Correct, Vosk/Spacy/mqtt broker and the other stuff is running on Jetson Xavier NX / Nano board (I have both). Respeaker Core v2 has only 1Gb RAM + there’s no CUDA (for decreasing ASR latency). Respeaker board is capable for running only a lightweight processing logic. ASR/NLU is too heavy for it. It’s hard to even program there, as VSCode cpp tools require at least 4Gb RAM. So remote development is very limited. That’s why I just deploy a streaming software there to apply DSP and send pre-processed chunks to ASR server via websockets.

Light · May 9, 2021, 3:00am

Okay, thank you for explaining that. It’s good to know what the capabilities are of the device are. I’m guessing you have a couple ReSpeakers positioned around the home, all streaming to a single Jetson which is doing the processing? Would it be possible to send audio data over a physical connection such as USB instead? Where can I go to learn more about setting up a speech recognition system using Vosk + Spacy?

Thank you to both you and @rolyan_trauts . I feel like I’m learning a lot of useful information thanks to your explanations.

rolyan_trauts · May 9, 2021, 3:21am

You might actually not need all that as if you just have simple control then maybe you just need a multiple keyword KWS and some simple logic of your own if functions of control are limited.

We are all different as I found the Nano board quite hard work as it is 2gb but its shared with the GPU unless you get the 4gb and then its not such good value for money.
Also the Nano i didn’t think there was all that much difference with the 0.5 Tops GPU and what I have seen on a Pi4 which guess could have a Coral AI accelerator with is 4 Tops.
I don’t suggest a Coral AI as its very bespoke and unless you run the demo models and need a extremely fast Parrot detector its not much use without a lot of work.

I managed to get a Haswell Nuc for £80 and I like the reuse slant as well and the AVX2 instructions with the clockspeed, 120gb SSD and the 4tops mini pcie £24 parrot detector has a spare slot if I use a USB dongle.

The 1st Gen Intel Core Nucs are approx same as a Pi4 but Haswell generation Nucs can go quite cheap like the D54250WYK I got.
But if you just need simple control then just a KWS means just a Pi3 or Pi4-2gb or you can try the other demo with the Parrot detector which is a voice activated game of snake.

sskorol · May 9, 2021, 9:36am

Yes, several Respeakers stream the audio to Jetson board when KWS is triggered.

Well, if you use a USB mic, you can write a streaming code for the board it’s connected to. If it’s RPi 4, you can even run Vosk there. But w/o GPU. So performance won’t be as good as on devices with CUDA.

Vosk has 2 types of models: big (for server, e.g. PC or Jetson-like boards) and small (for RPi or Android/iOS). Big models are heavier in terms of resources consumption, but more accurate. Technically, you can run big models even on RPi 4. But again if performance matters and you want a super responsive ASR, it’s better to run Vosk on boards with GPU.

If you really want to try it, I’d recommend to play with a desktop version first. Just to check the accuracy for your language. You can find docs and a number of examples for different programming languages on their GitHub: https://github.com/alphacep/vosk-api. Note that small models with dynamic graph allows vocabulary adaptation: you can increase the probability of some words’ appearance while transcribing.

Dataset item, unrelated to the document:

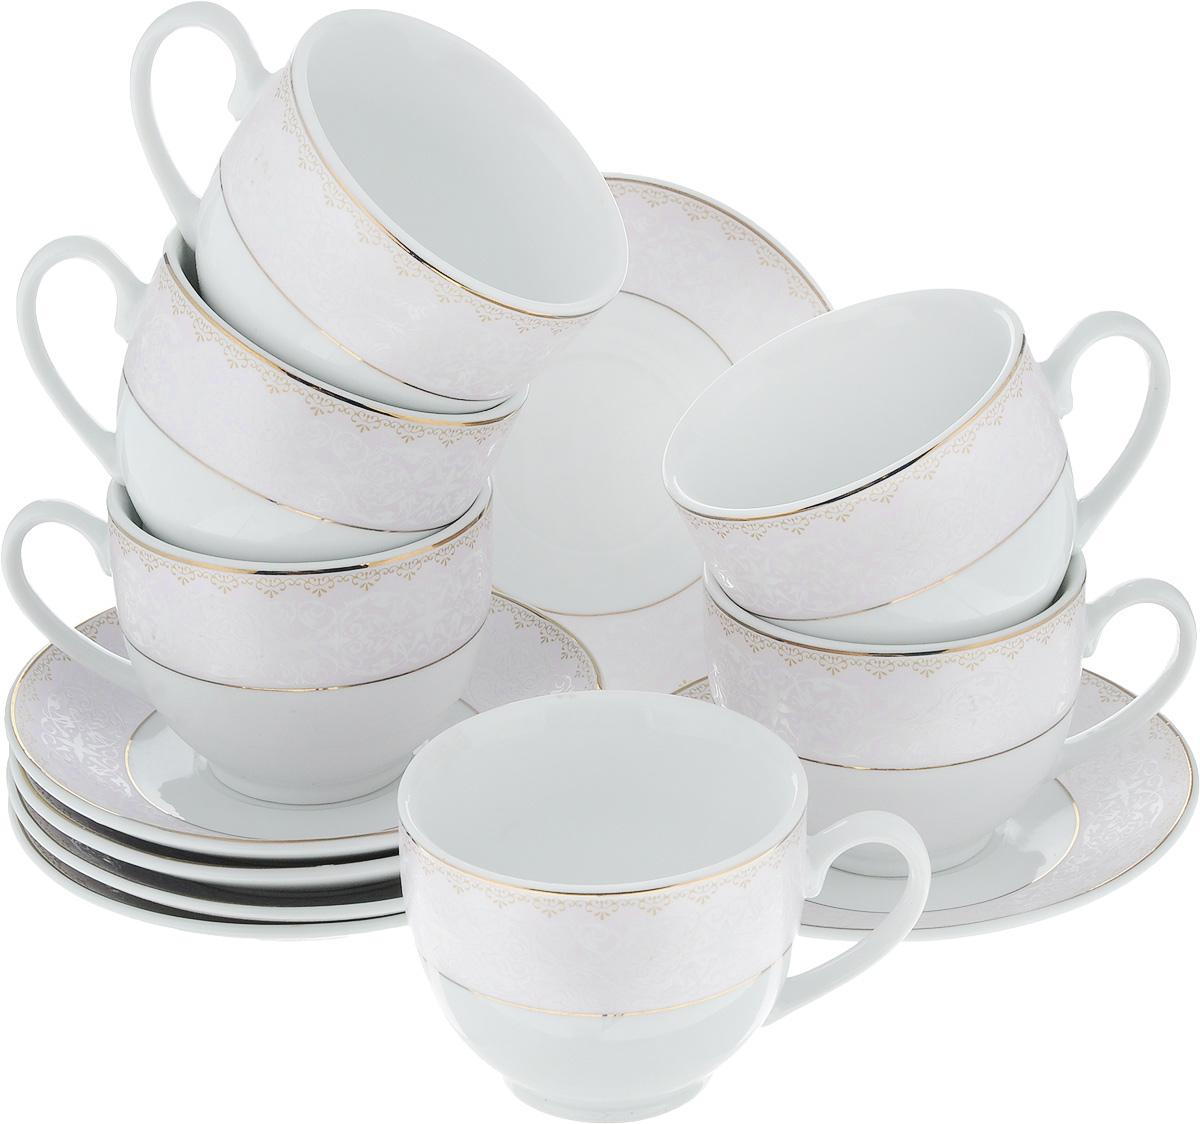 Набор чайный Loraine, 12 предметов. 2590225958Чайный набор Loraine состоит из шести чашек и шести блюдец. Изделия выполнены из высококачественного фарфора и оформлены нежным декором. Такой набор изящно дополнит сервировку стола к чаепитию. Благодаря оригинальному дизайну и качеству исполнения, он станет замечательным подарком для ваших друзей и близких. Объем чашки: 240 мл. Диаметр чашки (по верхнему краю): 8,5 см. Высота чашки: 7 см. Диаметр блюдца: 14 см.Высота блюдца: 2 см.

In regards to Spacy, I’d agree with @rolyan_trauts that you probably don’t even need this stuff, if you are building something simple. Yes, Spacy definitely gives a good control and flexibility, but as it’s a low level library, it’ll always be a hard path.

But if you really curious, you can try training a simple NER by example in one of my repos: https://github.com/sskorol/ner-spacy-doccano. The most complicated part is the training data preparation and labelling. Not even complicated but rather boring, as you have to collect about 200 real-life examples (yes, Spacy NER doesn’t require thousands of samples) which might be potentially said by you or the users of your software. Then you should label them via special annotation tool like Doccano or LabelStudio and export for further training in Spacy.

That’s a screenshot of my recent meetup on this topic which describes the process:

Anyway, feel free to ask questions if you want to go this path. But it’s not an easy one.